In Corinthians, Paul confronts the various sexual perversions (a man living with his father’s wife, Christians visiting prostitutes, divorce, etc.) by suggesting that they recognize that there are two notions of the body and two forms of identity in regard to the body and desire. The Corinthians might choose to join themselves to prostitutes, perhaps in the spirit of Aphrodite, the goddess of love whose temple is located in Corinth, or they might join themselves to Christ. What they do with their bodies is determinative of the sort of faith they have and the sort of temple in which they worship. To imagine that one could join himself to a prostitute and remain joined to Christ is a contradiction, in Paul’s estimate: “do you not know that your body is a temple of the Holy Spirit” (I Cor. 6:19). The way your joined to the one necessarily obstructs being joined to the other – one cannot worship idols (e.g. Aphrodite) and Christ. The problem they are having is the same problem that the modern-day pedophiles and fornicators have. They imagine they can have sexual relations which are not connected to spiritual relations. Or perhaps, for them “there is no sexual relationship” – in that relationship is of the mind (the spirit, the religion) and sex is of the body. The two cannot be coordinated and need not be coordinated in this failed notion of what a Subject might be. The problem is a tendency to be dis-incarnate – continually absenting the self from the body.

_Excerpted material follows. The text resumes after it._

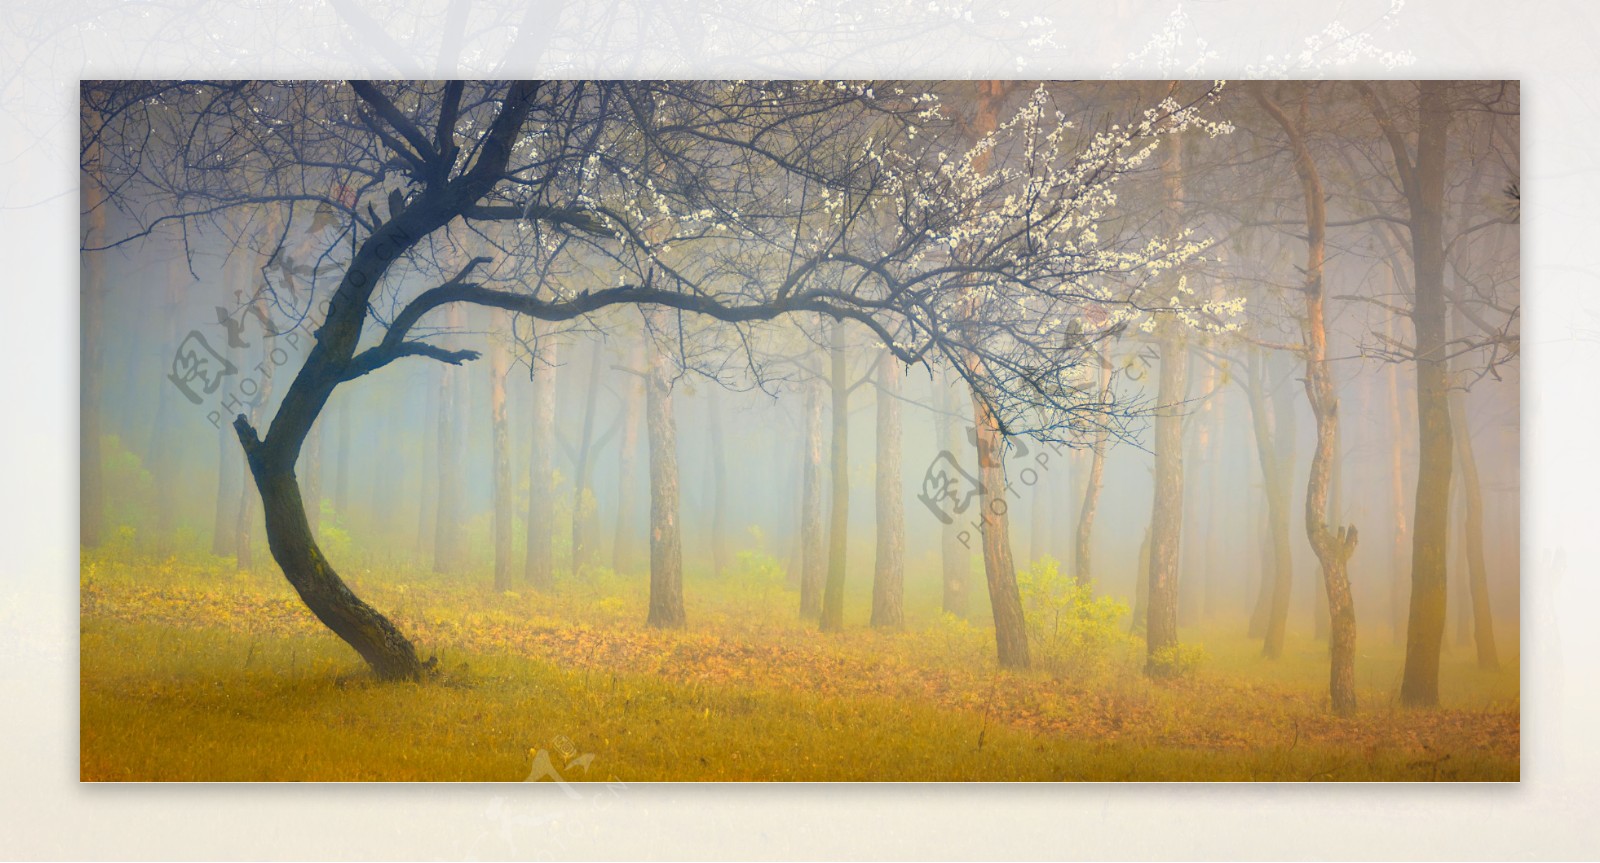 迷雾中树林风景图片

To say that this is a body problem, which it is, may be misleading as the Greek term translated body (soma), conveys a full notion of personhood (the full reality which comes with embodiment) often lacking in the English word. As James Dunn defines soma, “It is man embodied in a particular environment, the body being that which constitutes him a social being, a being who relates to and communicates with his environment. It is as an embodied entity that he can act upon and be acted upon by his environment.”[1] So soma is a permeable identity within an environment so that its capacity to act and be acted upon constitutes its basic nature. “It is the means of living in, of experiencing the environment.”[2] In the New Testament, soma is what people are, such that if they are saved this will require the salvation of their bodies (in resurrection and in baptism). Bultmann emphasizes that what is included in the term soma, in addition to the body, is a capacity to objectify or split the self (to reflect on the self). It is also from this apparent duality that the Gnostic understanding can be accounted for, as the physical body is assigned the role of “not-I.”[3] I am not my body but I have a body – it is mine. This experience between the “I” and the “not-I” typifies the dynamic of alienation constituting the soma.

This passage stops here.